▽

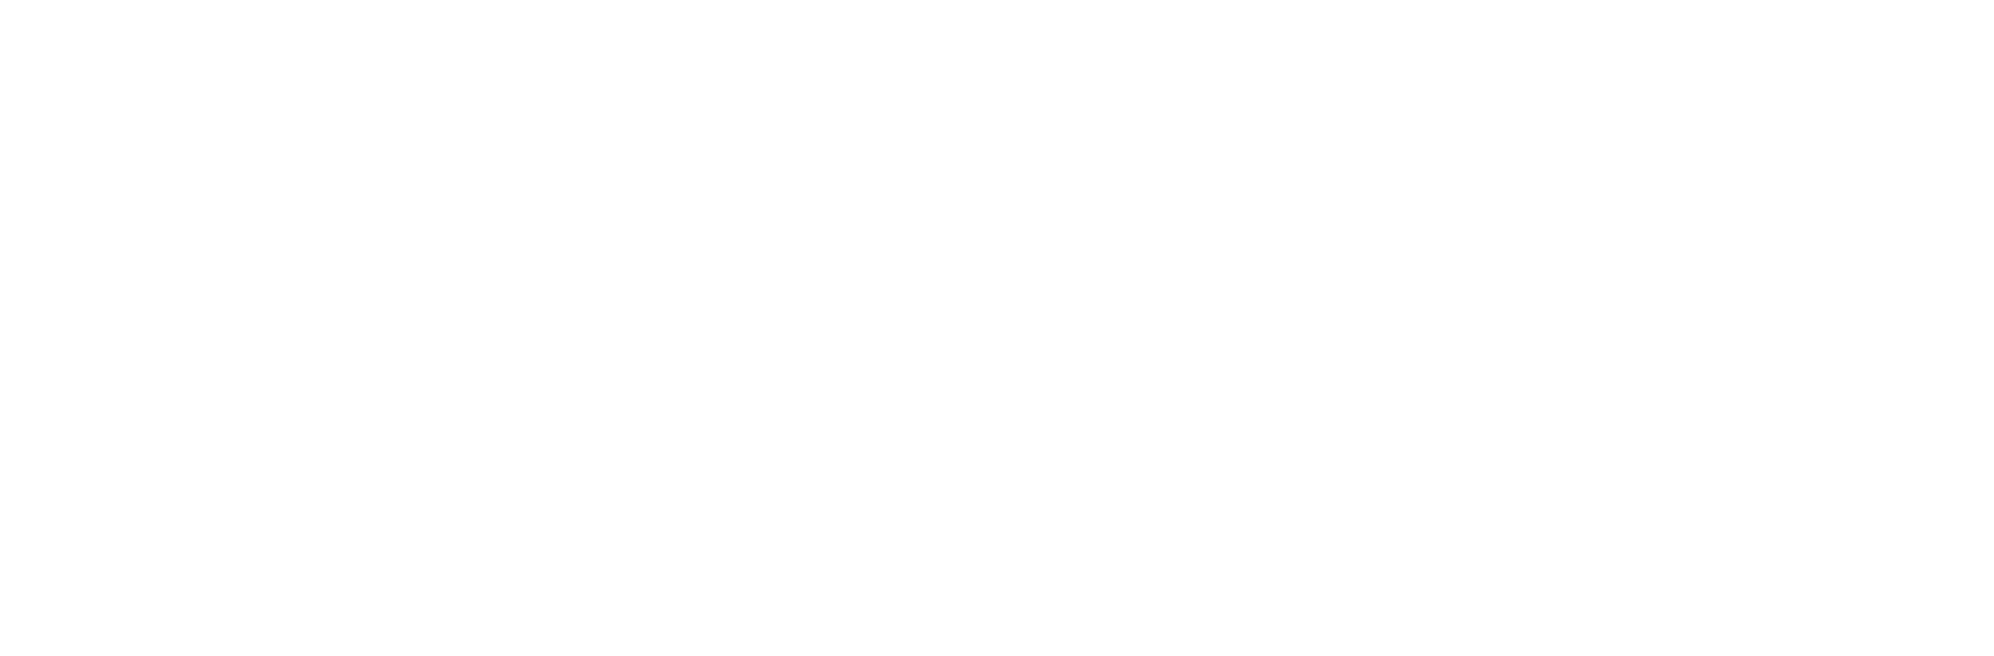 BNI Dynamique Premium
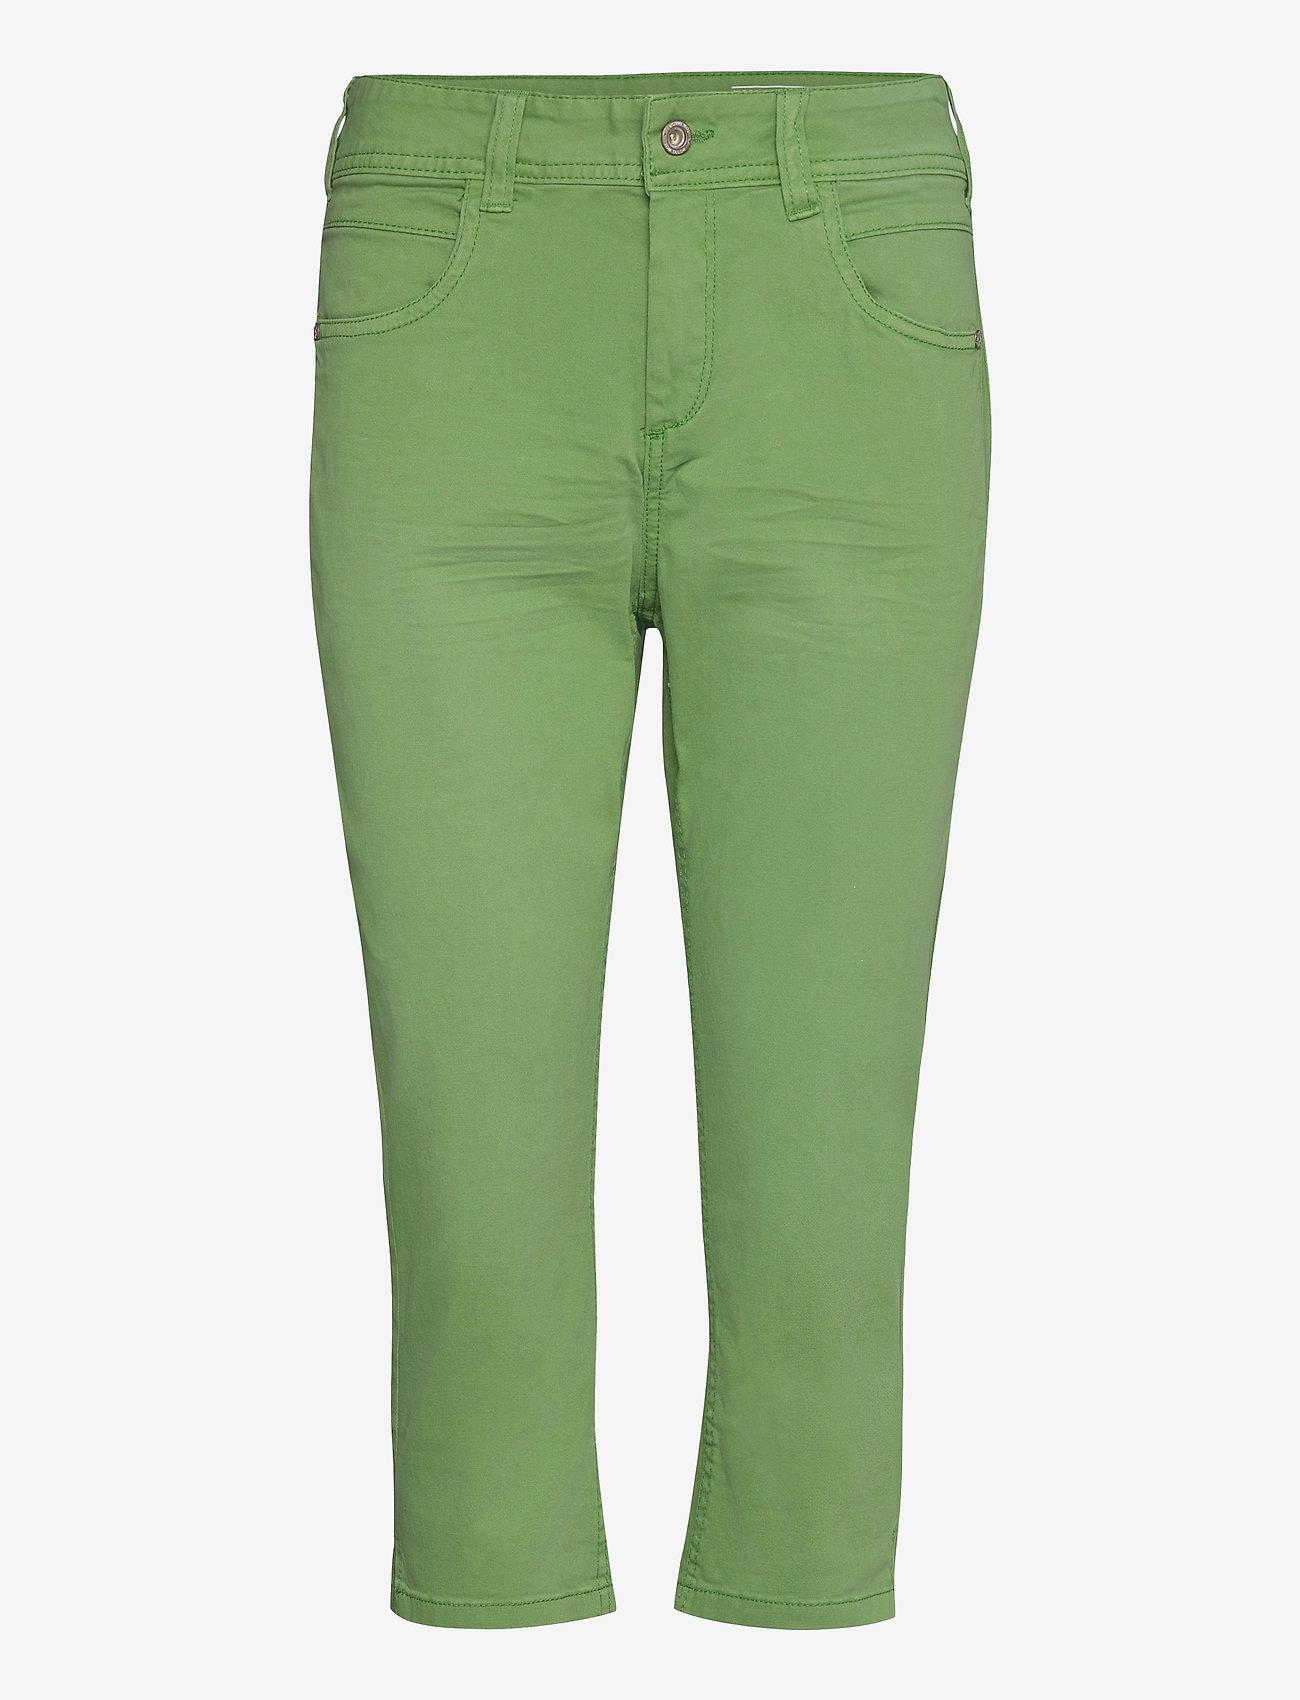 Tom Tailor - Tom Tailor K - pantalons capri - sundried turf green - 0
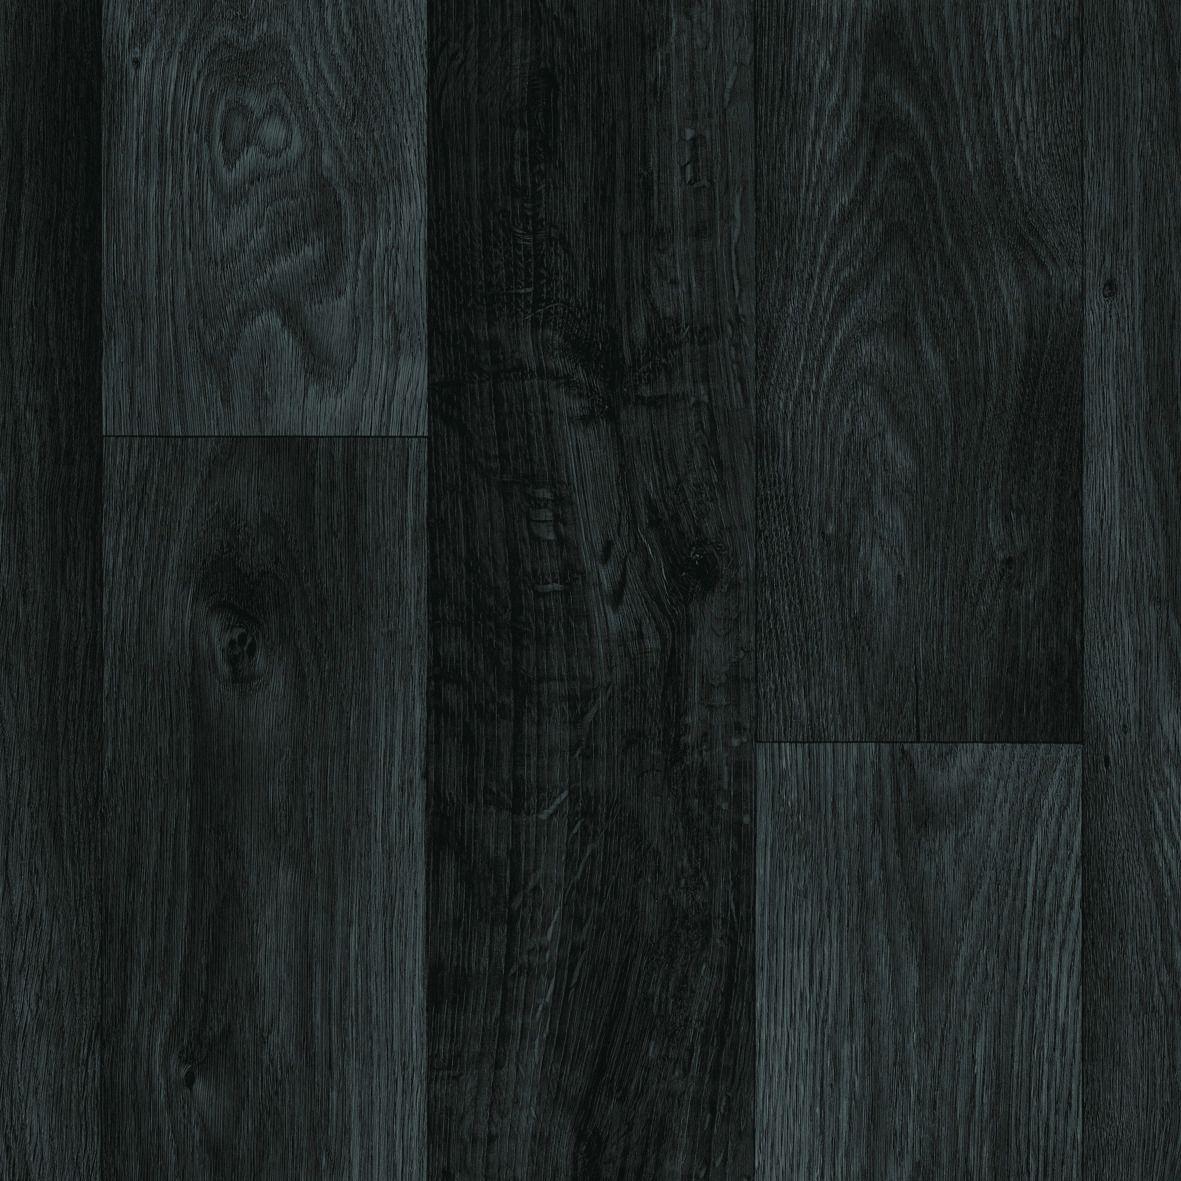 ANDIAMO Andiamo PVC-Boden »Sonic«, Stab-Optik schwarz Nachbildung
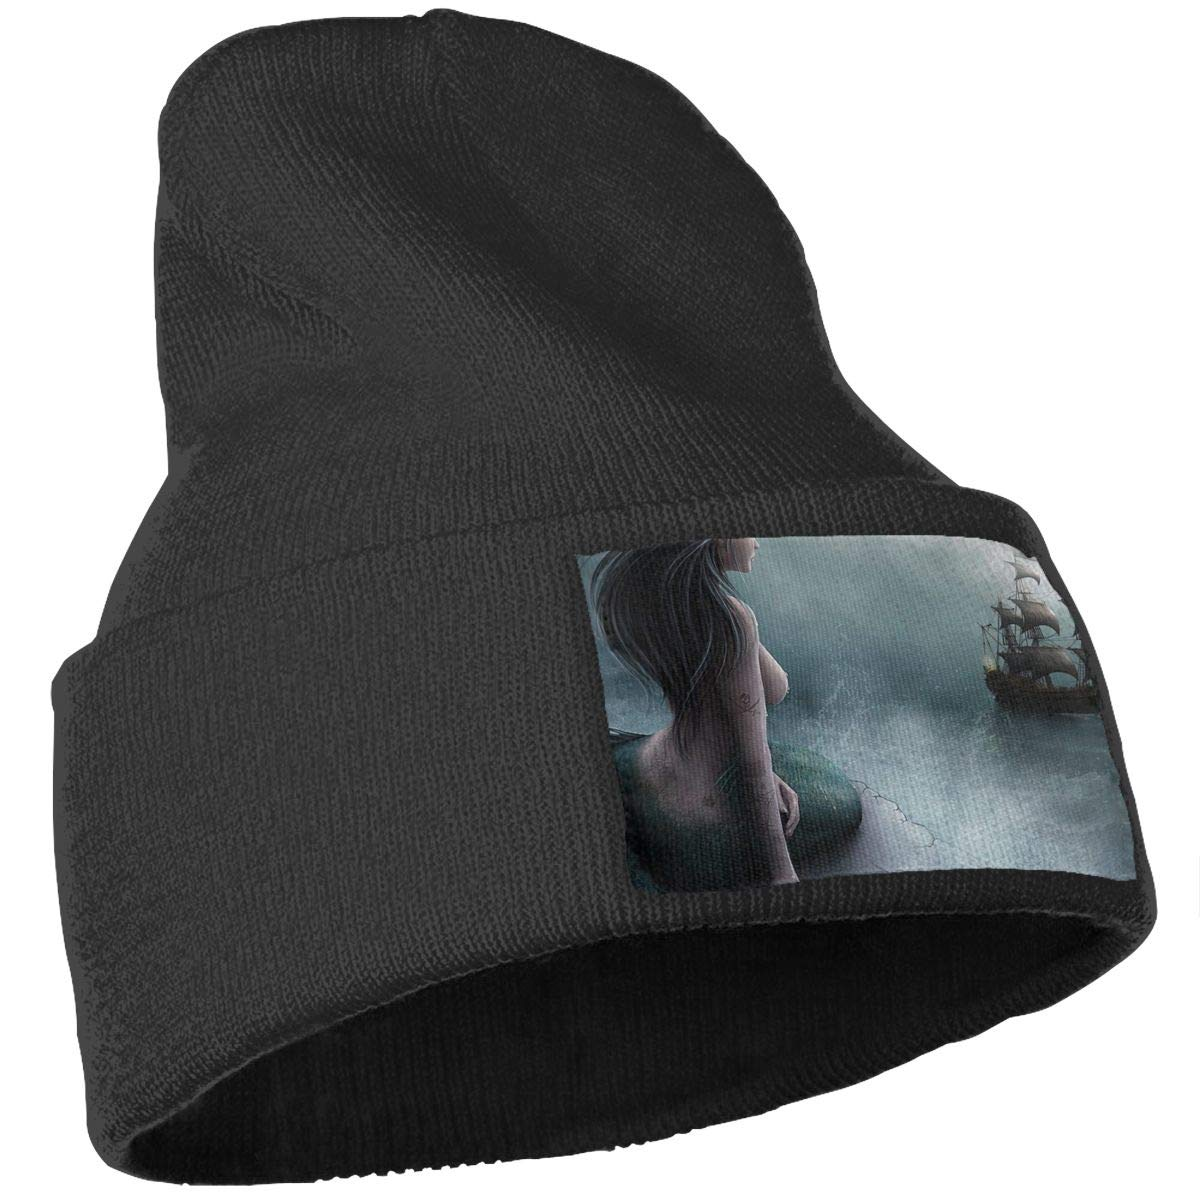 Mermaid and The Sailing Ship Men Women Plain Cuff Knit Beanie Hat Skull Ski Beanie

△

▸ Exercise
An unchanged copy of the data, images excluded, is all that should be given.

▸ Reply
 BNI Dynamique Premium
 Tom Tailor - Tom Tailor K - pantalons capri - sundried turf green - 0
 ANDIAMO Andiamo PVC-Boden »Sonic«, Stab-Optik schwarz Nachbildung
 Mermaid and The Sailing Ship Men Women Plain Cuff Knit Beanie Hat Skull Ski Beanie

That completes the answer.